▶ _Task brief_:
Copy the lines below, please, starting with the one that contains "Lea Hoyer - Clam Earring with Gold Plating" and ending with the last. Pictures stay out.

▶ _Dataset extract_:
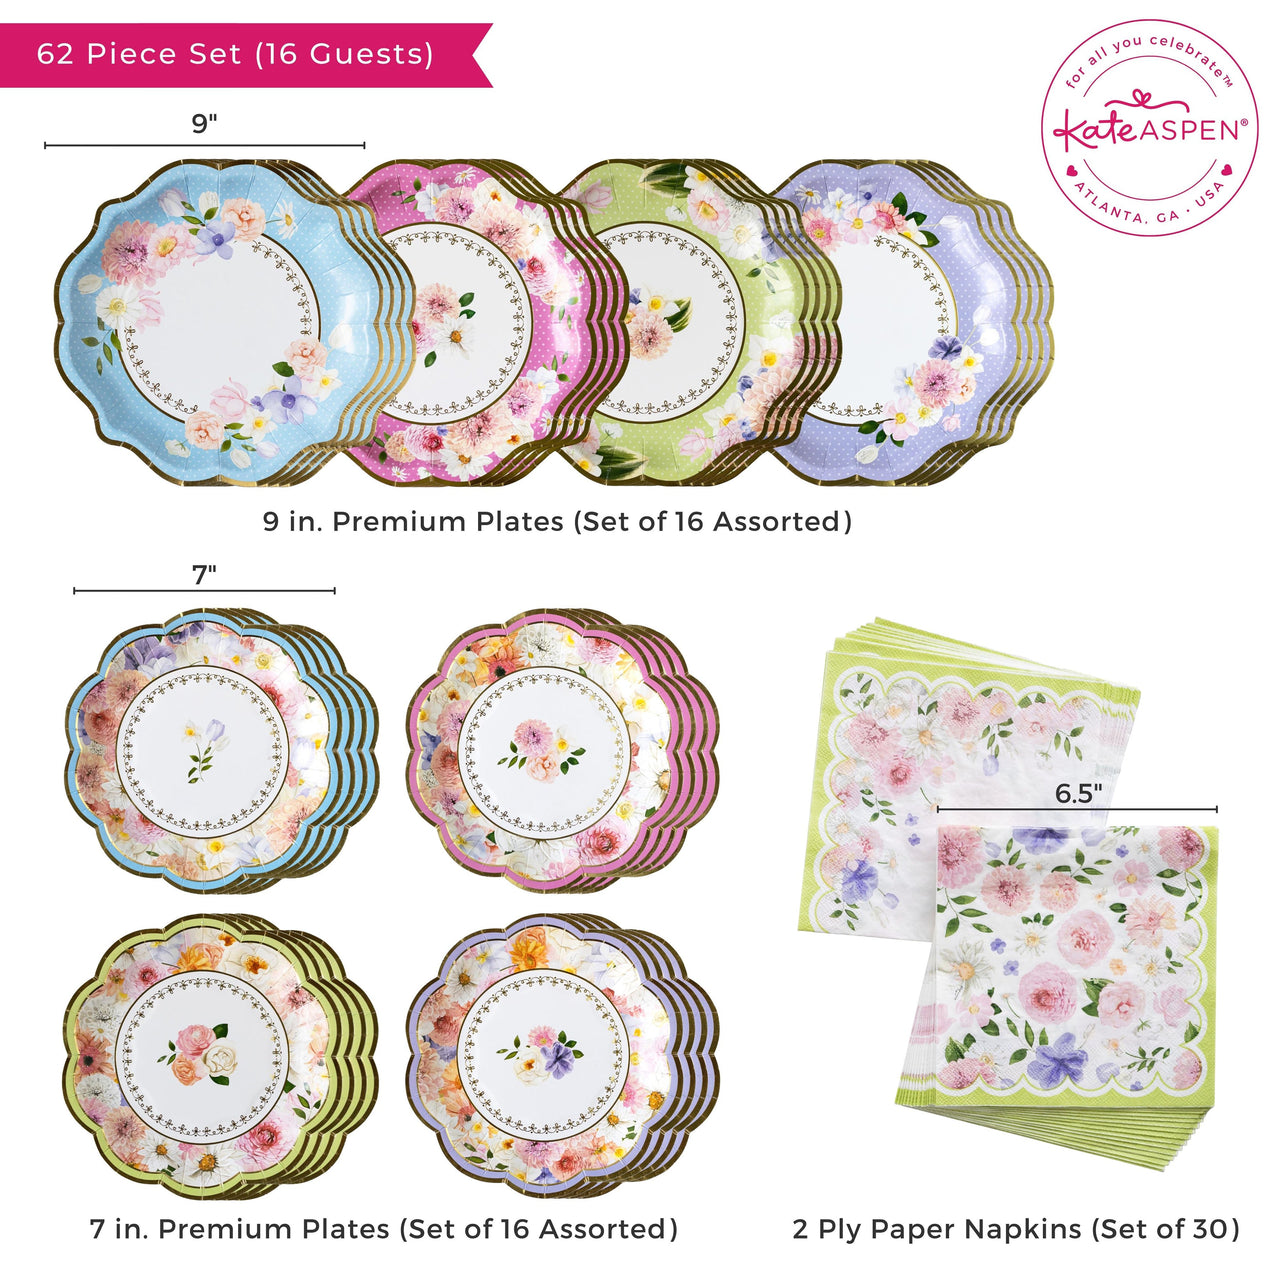 Tea Time Party 62 Piece Party Tableware Set (16 Guests) - Alternate Image 6 | My Wedding Favors
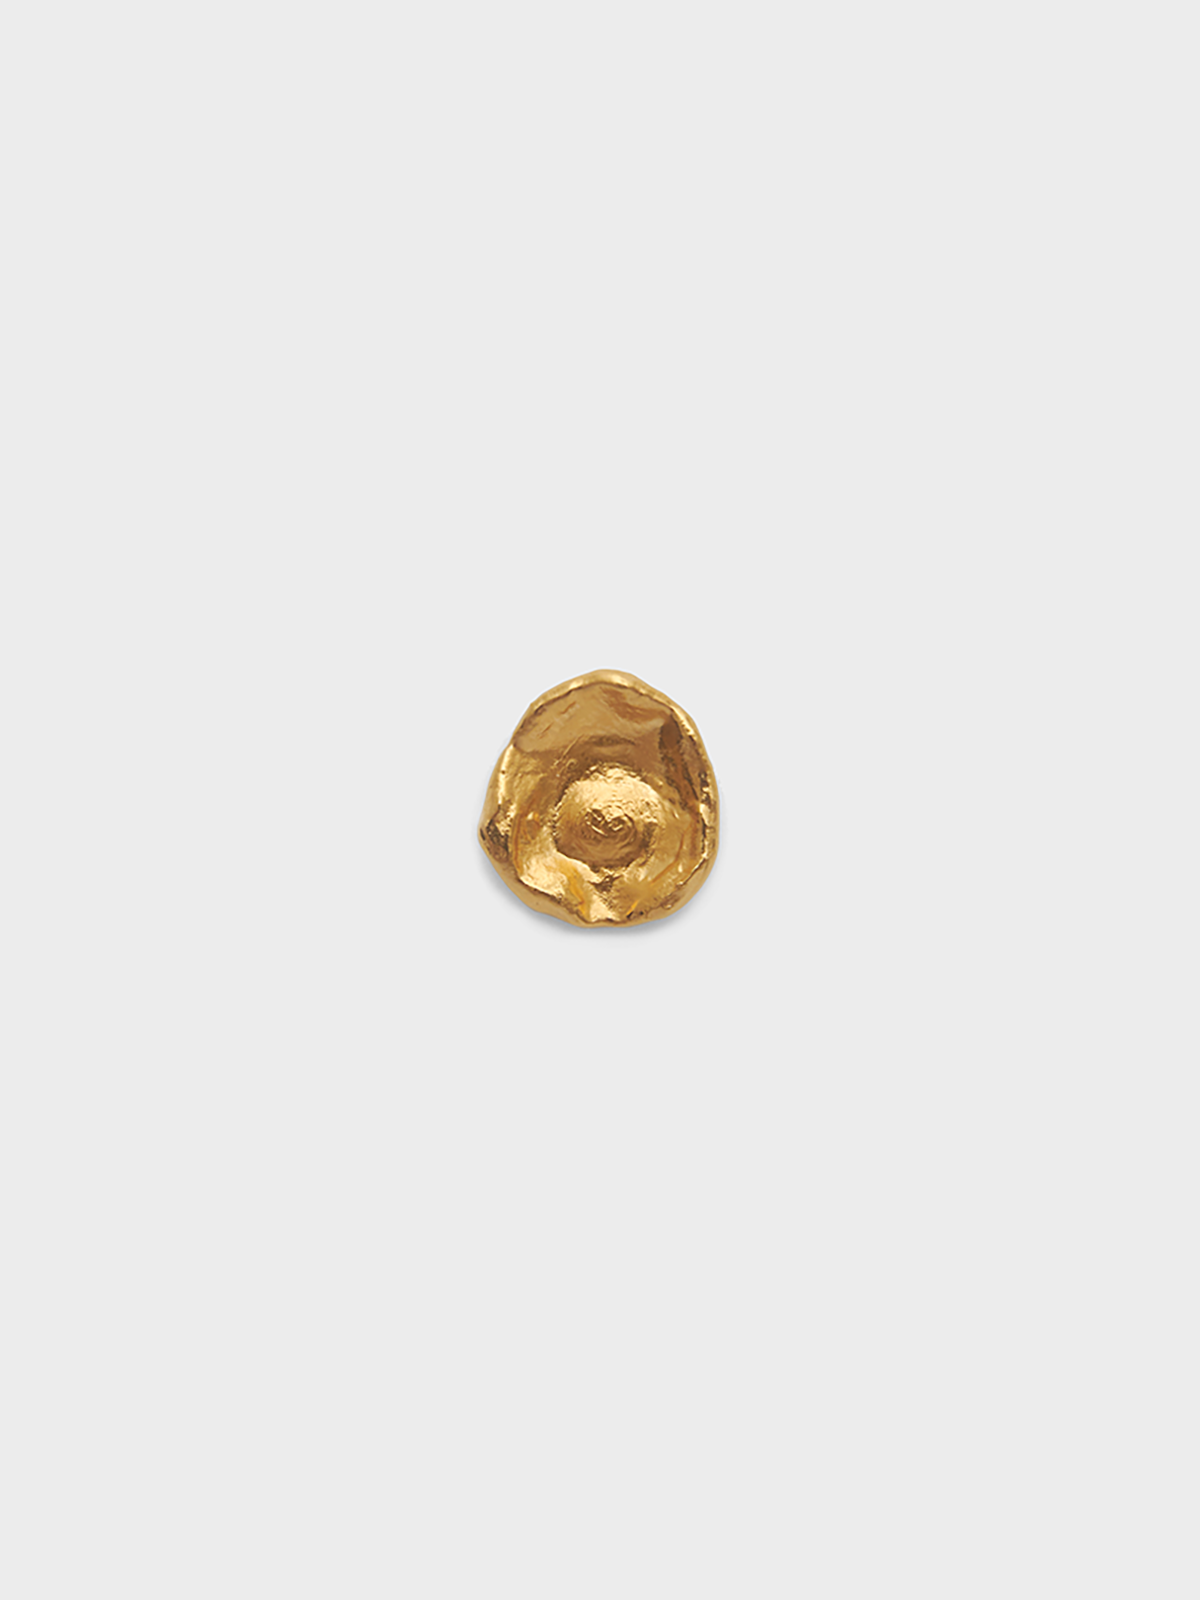 Lea Hoyer - Clam Earring with Gold Plating
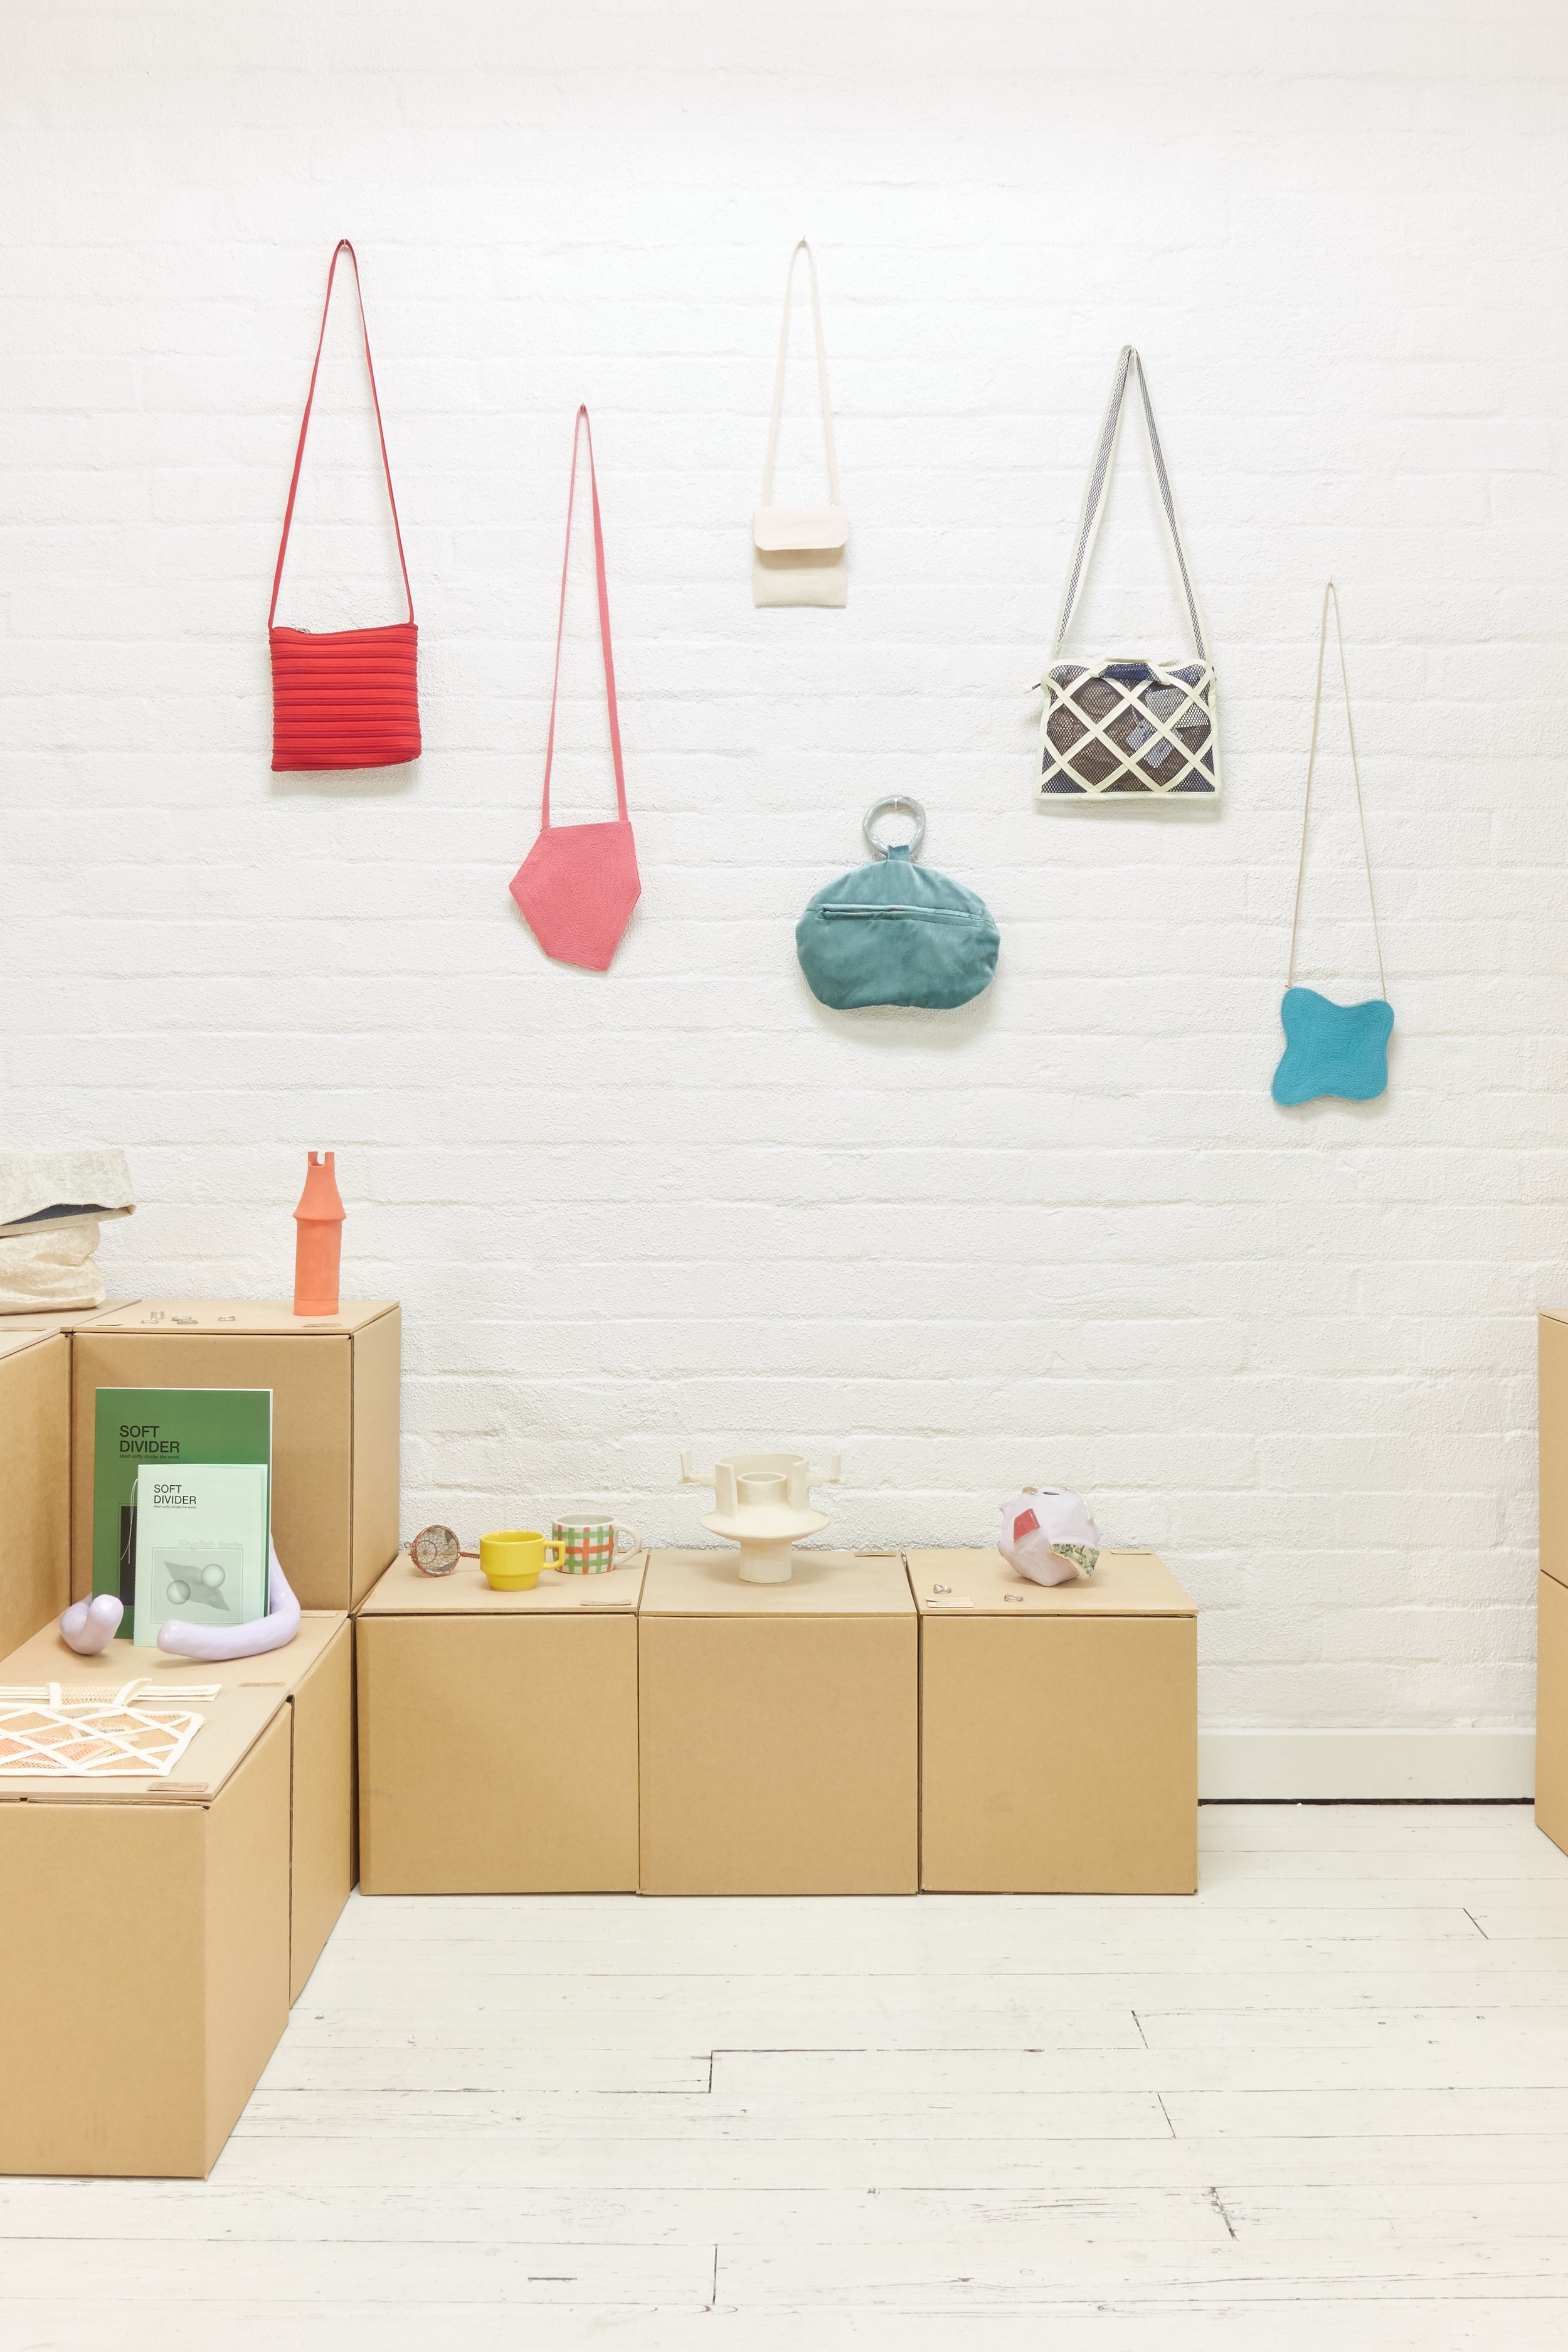 bags at a flat shop - group exhibition 309.jpg

▶ _Exercise response_:
 Lea Hoyer - Clam Earring with Gold Plating
 bags at a flat shop - group exhibition 309.jpg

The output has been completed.